# need 5 gallon buckets, cheap or free



## Fishfur (Mar 4, 2012)

Looking for a couple of 5 gal. plastic buckets or pails.. Home Depot pails are not big enough. Only source I can find online is a hydroponic place that wants $9. for a black one. But I'd rather it was white, easier to tell if it's clean that way. 
So, anyone have access to 5 gal buckets.. used is fine so long as they're food grade, and I don't mind cleaning em out.


----------



## J_T (Mar 25, 2011)

Fishfur said:


> Looking for a couple of 5 gal. plastic buckets or pails.. Home Depot pails are not big enough. Only source I can find online is a hydroponic place that wants $9. for a black one.

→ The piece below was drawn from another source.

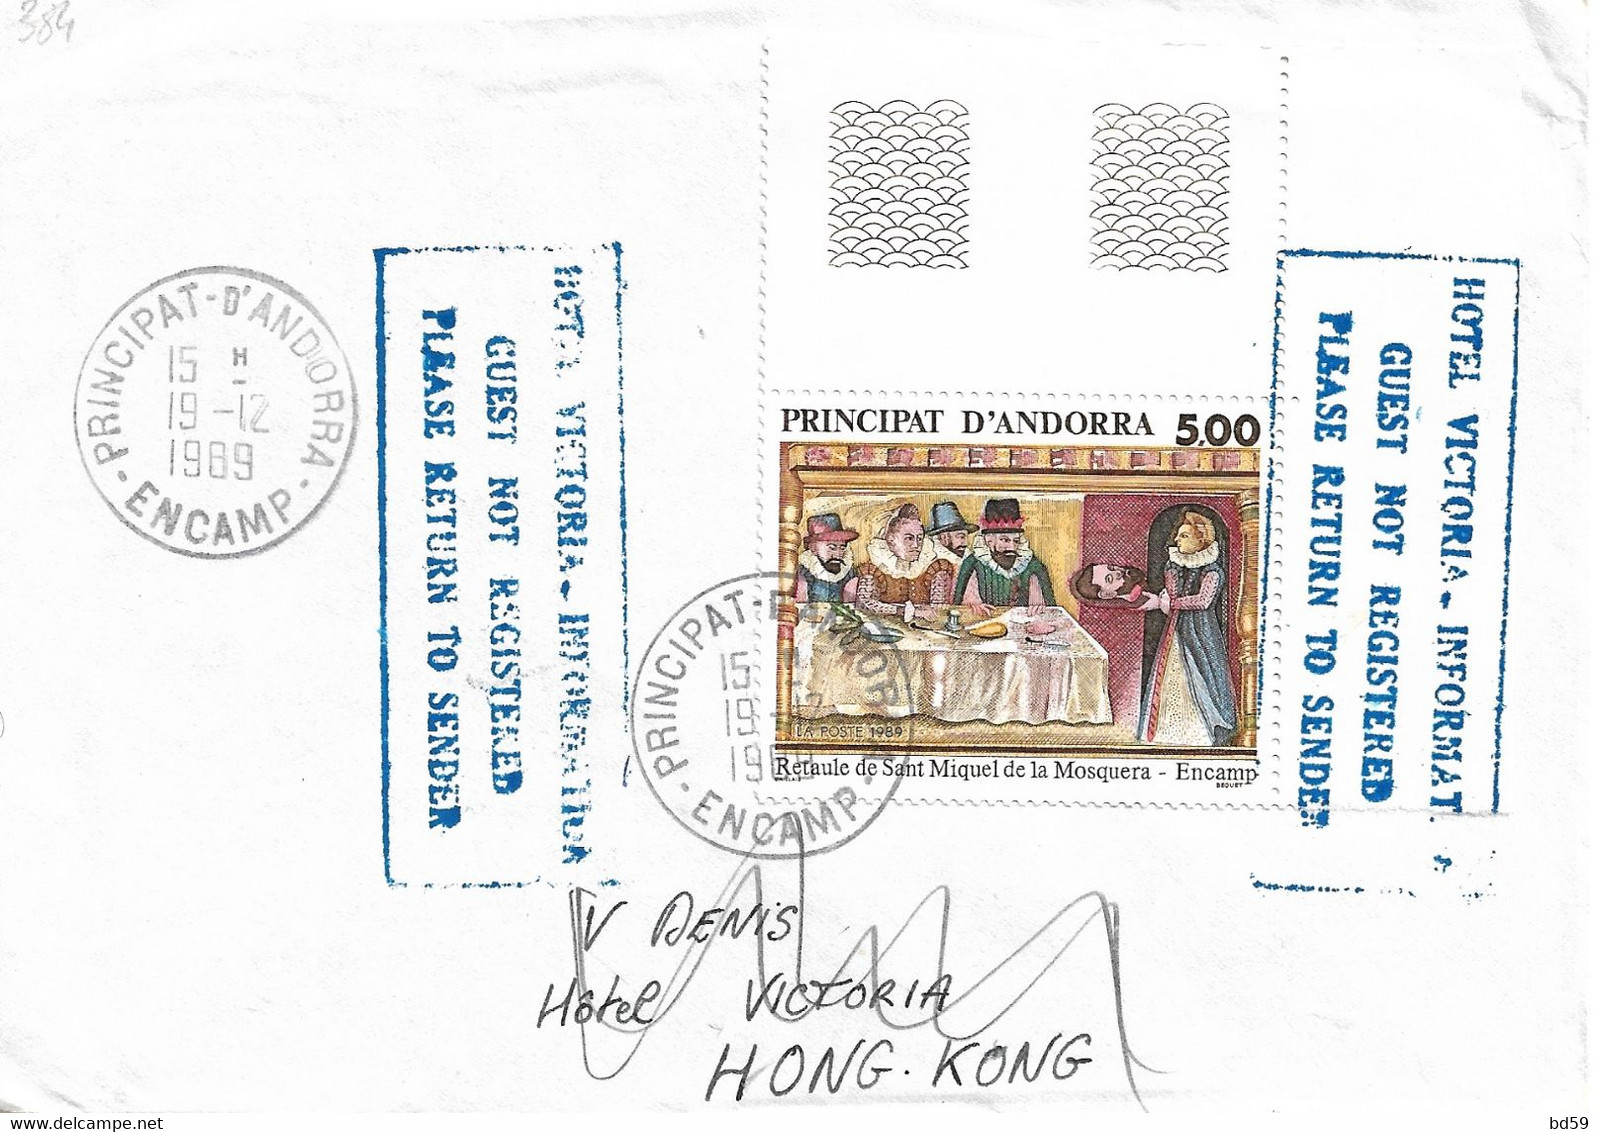 Timbres Sur Lettres 1989 N° 384 Retable Oblitération D'Encamp Cote 6,50€ - Storia Postale
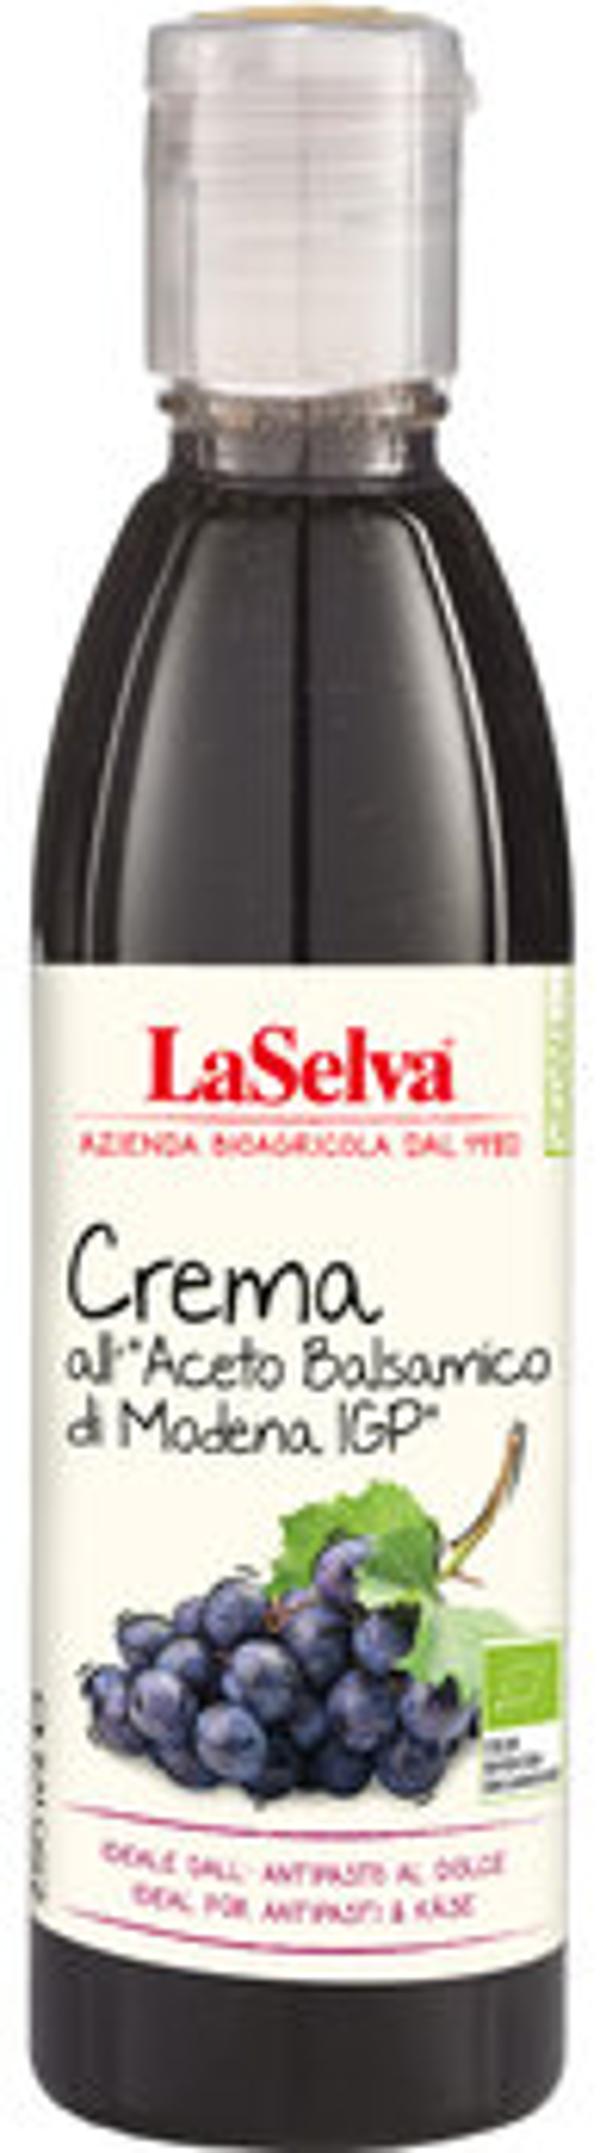 Produktfoto zu Crema di Balsamico, 250 ml

But I'd rather it was white, easier to tell if it's clean that way.
> So, anyone have access to 5 gal buckets.. used is fine so long as they're food grade, and I don't mind cleaning em out.


Should ask the salties. Salt pails are what you are after. I don't have an extra at this time, but someone else may.

Posted with my Xperia, using Tapatalk 2


----------



## BillD (Jun 5, 2006)

Check Bulk Barn.


----------



## sweet ride (Nov 16, 2010)

i might have a few IO bucket for you. send me a pm if your interested.


----------



## characinfan (Dec 24, 2008)

Got mine (years ago) at Canadian Tire. (They have a Canadian Tire logo. . . it's not like I remember buying them!)


----------



## Car2n (Jun 7, 2011)

Check with some restaurants. One near me gets pickles and potatoes in 5 gal plastic buckets. They do not recycle them.


----------



## Fishfur (Mar 4, 2012)

I have checked with some of the local restaurants and so far, no luck. The one store I used to be able to get buckets from has gone out of business. Can tire buckets, at least the ones I saw last time I was there, are not 5 gallons.. they don't say how big they are but they look like the ones from Home Desperate, which are not 5 G. I think they are about 3 and a half or so. I'll check on the marine forum and see if anyone there has spares.


----------



## Sam66 (Jul 24, 2012)

Try a bakery as well. One of my guys on site use to bring tons of buckets from home. His wife worked at a bakery.

Scott...


----------



## tom g (Jul 8, 2009)

*buckets*

i just recently picked up a bucket at a wine suppply store i believe its around 7 gallons its bigger then the home depot buckets ,it was fifteen bucks but again it is a bigger bucket 
purchased at magnotto wines on midland ave
cheers
tom


----------



## YourNoob (Dec 4, 2010)

I recently got a few from Can. Tire. and believe me they are 5 gallons, or at least thats what is written on side of the bucket. 

Rona also has em for $3. something


----------



## Fishfur (Mar 4, 2012)

Good suggestions all, but I think my bucket problem has now been solved. Thanks to members, I must add, and thanks to all who replied !


----------



## J_T (Mar 25, 2011)

Fishfur said:


> Good suggestions all, but I think my bucket problem has now been solved. Thanks to members, I must add, and thanks to all who replied !


2 pails in the back of my car now 

Should have the pieces made up, and will call you tomorrow!


----------